I have a sample of many countries across several years that contains information on output (GDP). I would like to calculate the "Output Gap" using a function I found at R-Bloggers here, but would like it to loop over all the countries in my sample taking the years into consideration, with results being stored in a matrix (binding across rows).

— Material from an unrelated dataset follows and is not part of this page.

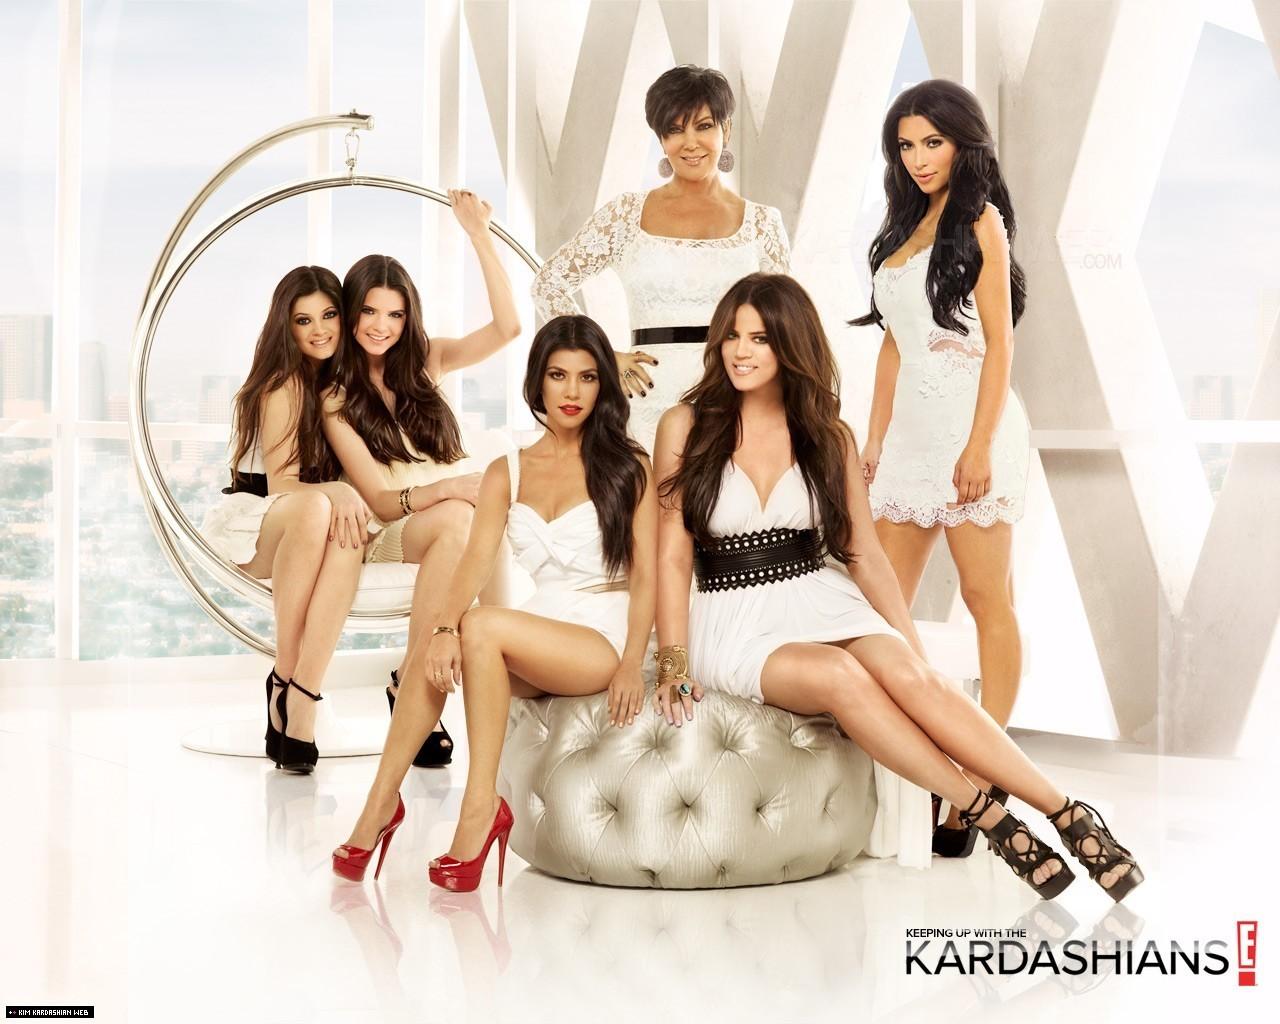 moviezone  watch keeping up with the kardashians season 8

The function looks as follows:
hp <- function(data,l=1600){
#h-p filter code from Farnsworth
hpfilterq <- function(x=data,lambda=l){
eye <- diag(length(x))
result <- solve(eye+lambda*crossprod(diff(eye,lag=1,d=2)),x)
return(result)
}
hpfiltered<-hpfilterq(data)
hpgap <- data - hpfiltered
#
t1<-1:length(data)
t2<-t1^2
t3<-t1^3
t1<-ts(t1)
t2<-ts(t2)
t3<-ts(t3)
#
datats<-ts(data)
myseries<-ts.union(datats,t1,t2,t3)
#
polynomial1 <- lm(datats ~ t1,data=myseries)
polynomial2 <- lm(datats ~ t1 + t2,data=myseries)
polynomial3 <- lm(datats ~ t1 + t2 + t3,data=myseries)
#
returndata<-data.frame(hpgap,polynomial1$residuals,polynomial2$residuals,polynomial3$residuals)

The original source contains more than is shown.